Ужасно стариком быть без седин...
[33]
—
но
и в этой, безысходной для позднеромантического героя ситуации, эмблема знает,
как ему поступить, вполне дельно советуя ему на манер Чернышевского: " ты
отсеки от себя все, что стало бесплодным вследствие ошибок..." (см. № 388
и коммент.).
Не следует
видеть в этих странных сближениях, которые неизбежно совершит всякий читатель
ЭиС, тривиальные заимствования или какие-то мистические
"предвосхищения": ведь вы держите в руках, по сути дела, русский словарь поэтических образов, а
глупо говорить, что кто-то что-то заимствовал из словаря, или что словарь предвосхитил чьи-то
слова. То же, что этот словарь совершенно не русский и к тому же возник прежде
самой русской литературы, быть может, и не имеет никакого значения: тем яснее
выявляется вневременная сущность поэтического мотива, который в глубине своей
всегда есть анонимный топос, общее место. Основное значение эмблем для истории
литературы, вероятно, не в том, что они в какие-то моменты "влияли"
на конкретные сочинения конкретных авторов, что иногда и случалось, но в том,
что они, как никакой иной род текстов (в данном случае: текстов
изобразительно-словесных), выявили саму анонимно-вневременную природу мотива и
преподнесли нам этот анонимный мотив в чистоте и холоде его наготы. Повторяя
уже использованную выше метафору, навеянную размышлениями патера Бугура, можно
сказать, что эмблематика в отношении к литературе играла роль аббревиатуры,
"дайджеста", собрания fins de choses, по удачному выражению того же
Бугура. Но на "дайджесты" не ссылаются, из них не
"заимствуют" в точном, сознательном смысле слова.
Эмблема — это
непосредственное присутствие в культуре "общего места" в его почти полной наготе; и все же на примере
эмблемы мы видим, что общее место оказалось не отвлеченным концептом, не
"схемой", лежащей за реальной литературой в каком-то ином измерении, "за вещами" или
"перед вещами", но живым организмом, имеющим в эмблеме свою, пусть и почти анонимную, жизнь; организмом, присутствующим тут же, рядом с литературным текстом, т.е. рядом с общим местом "воплощенным",
завуалированным, погруженным в какую-то лично-творческую и историческую среду.
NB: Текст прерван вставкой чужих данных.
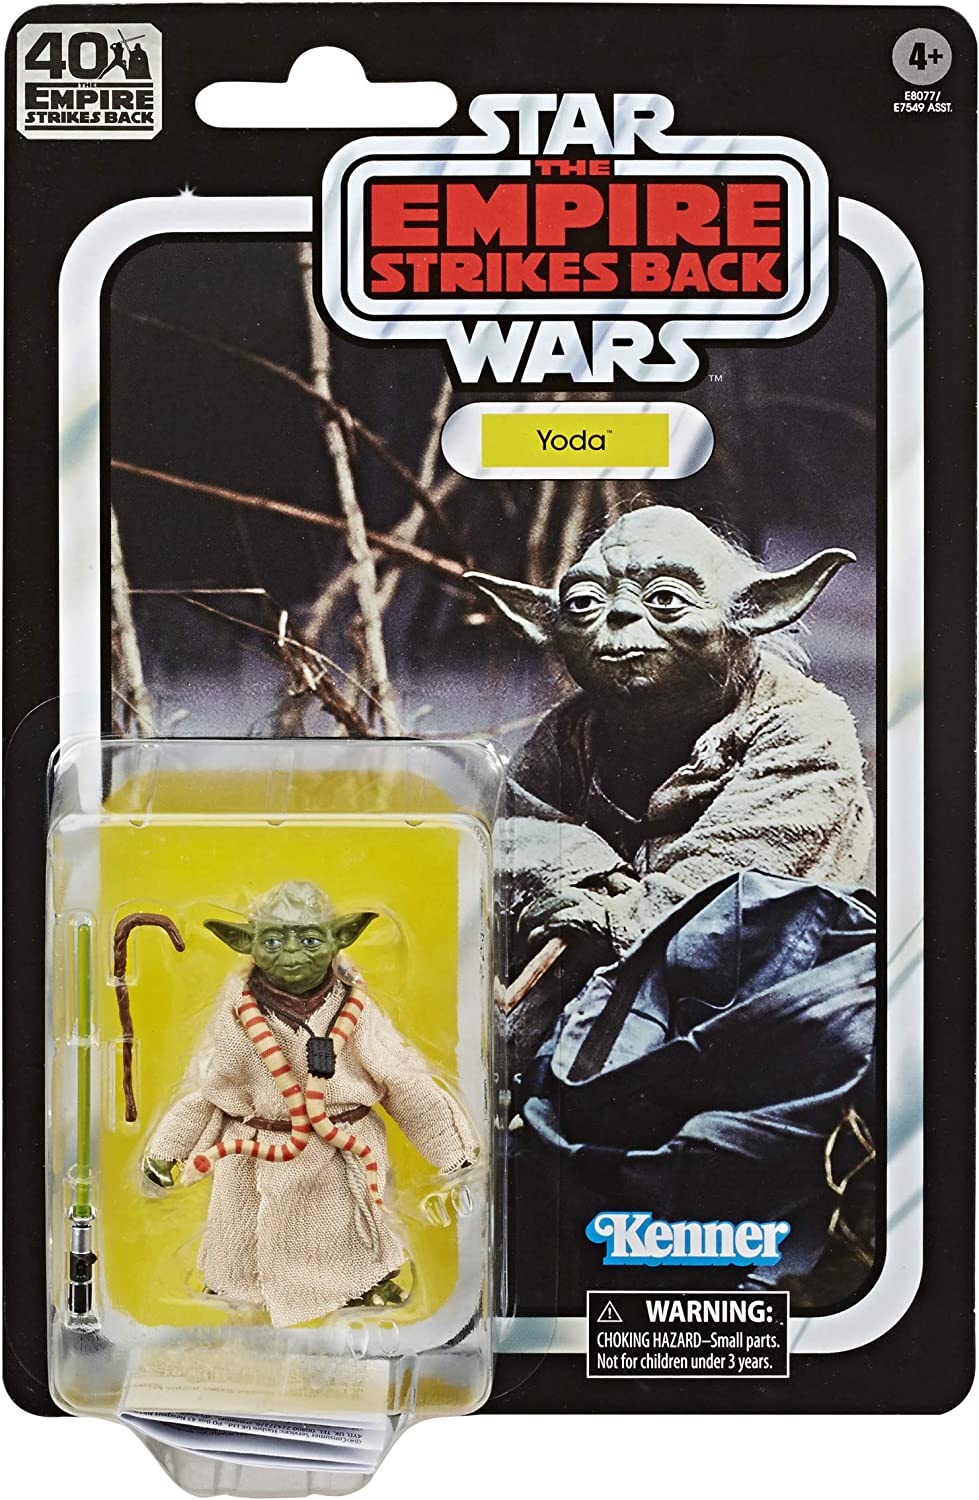 STAR WARS The Black Series Yoda 6-inch Scale The Empire Strikes Back 40TH Anniversary Collectible Figure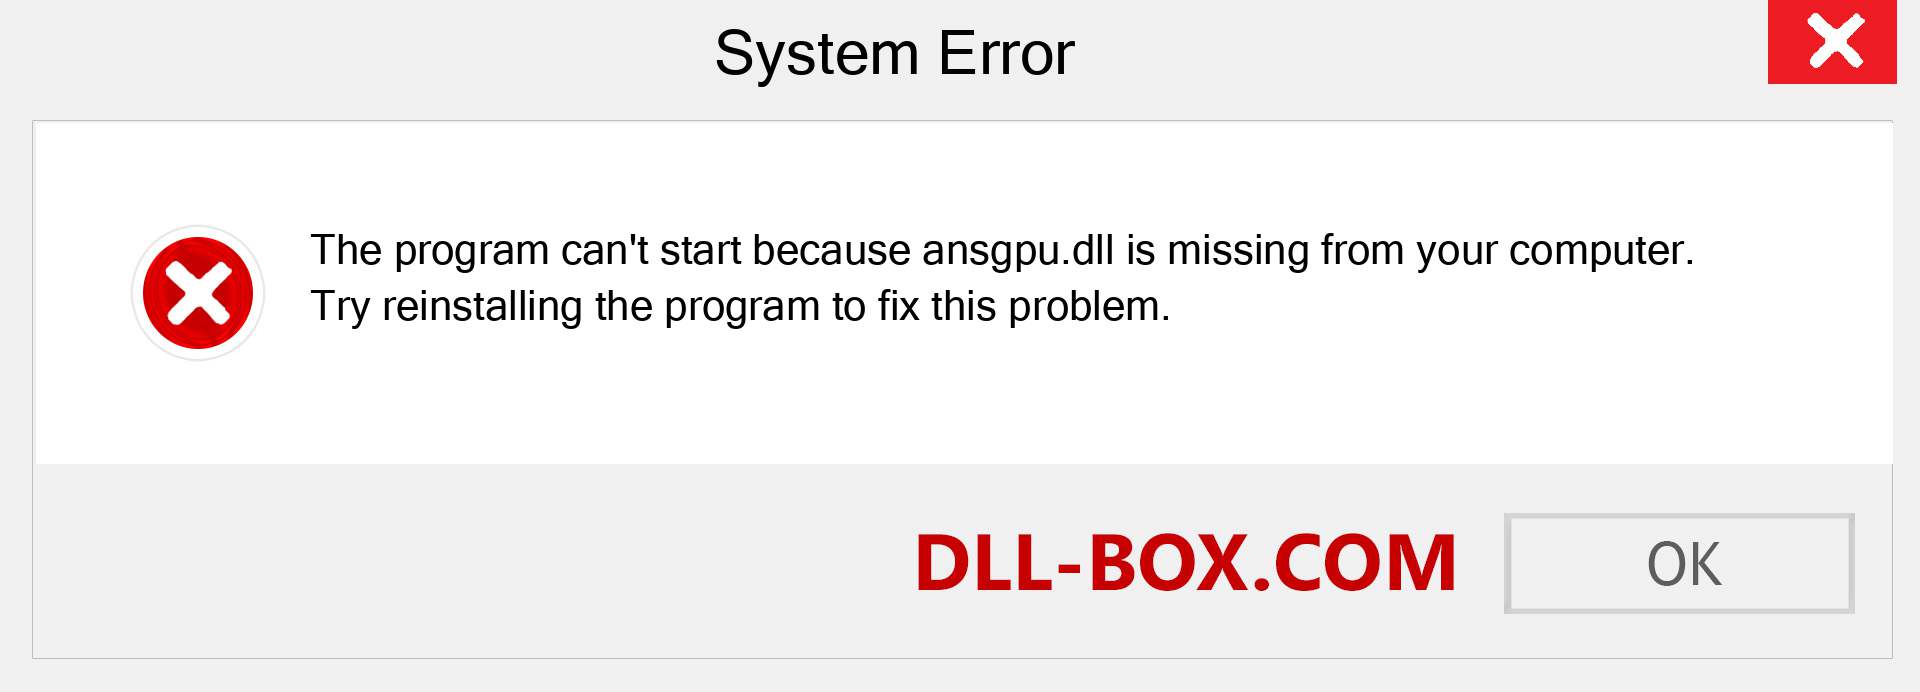  ansgpu.dll file is missing?. Download for Windows 7, 8, 10 - Fix  ansgpu dll Missing Error on Windows, photos, images

Эмблема — и общее место в ней — присутствуют посюсторонне, рядом с литературой, как напоминание о вневременности и
анонимности.
Э. Р. Курциус, создавший направление в
литературоведении, занятое изучением литературных "общих мест"
(топосов), дал следующую характеристику топоса: "Топос — нечто анонимное.
Он срывается с пера сочинителя как литературная реминисценция. Ему, как и
мотиву в изобразительном искусстве, присуще временное и пространственное всеприсутствие".
Знаменательно,
что в этой характеристике заключена параллель между литературным и изобразительным
мотивом — двумя "топосами", которые столь уникальным образом
соединяются в эмблеме. Роль эмблемы в истории живописи также не ограничивается
отдельными "влияниями" и заимствованиями, сколь обильны они ни были бы,
как не ограничивается она и весьма частыми изображениями самих эмблем на
полотнах великих художников, встречающимися довольно часто: такова эмблема на
позднем "Св. Себастьяне" Мантеньи, где она словно бы заменяет
типичный для прочих картин Мантеньи на тот же сюжет приветливый пейзажный фон,
— фигура пронзенного стрелами святого выступает здесь из полного мрака, иные
детали отсутствуют, за исключением стоящей у его ног тонкой, легкой церковной
свечи с прикрепленной к ней надписью: "NIL NISI DIVINUM STABILE EST
CAETERA FUMUS' ("Ничто не прочно кроме божественного, прочее дым").
И по отношению к
живописи эмблематика играла роль своего рода словаря, который в данном случае
можно, пожалуй, уподобить словарю
неологизмов. Исследователи эмблематики отмечают, что многие предметы
вещного мира впервые вошли в кругозор живописного искусства благодаря их
использованию в эмблемах. Именно сознательная установка
сочинителей эмблем на полный охват мира, их уверенность в том, что всякая вещь
должна что-то значить в иерархии mundi symbolici, привела к расширению
художнического зрения. Мы и в самом деле встречаем в эмблемах как массу самых
неожиданных предметов, так и неожиданных ракурсов: например, странные
"парцелляции", расчленения предметов и фигур, изображения отдельных частей
тела (рука в облаке) и т. п. Взгляд эмблематиста, конечно, уступал взгляду
художника чисто технически, но по изобретательности в выборе предметов,
ситуаций, точек зрения опережал его, ибо
умел уподоблять себя увеличительному стеклу и даже "кадру" фотографа,
умело и оригинально парцеллирующему реальность. К тому же эмблематика была и
своеобразной ars combinatorica, она изощрялась в бесконечных комбинациях даже и
ограниченного набора мотивов, — в этом читатель книги может убедиться,
рассматривая фантастические и неисчерпаемо разнообразные сочетания венков,
змей, львиных голов, крыльев, лап, жезлов, кубов, сфер и проч. на гравюрах,
воспроизведенных в нашем издании. Безудержное комбинаторное inventio ощутимо
даже в державинских "объяснениях" рисунков к собственным сочинениям:
"Любовь, перевязкою своею связав стрелы, сделала из них треножник и,
утвердя на остреях оных венец прелестей, составила свой жертвенник, которому
спущенный лук служит основанием" (см. комментарии к рисункам).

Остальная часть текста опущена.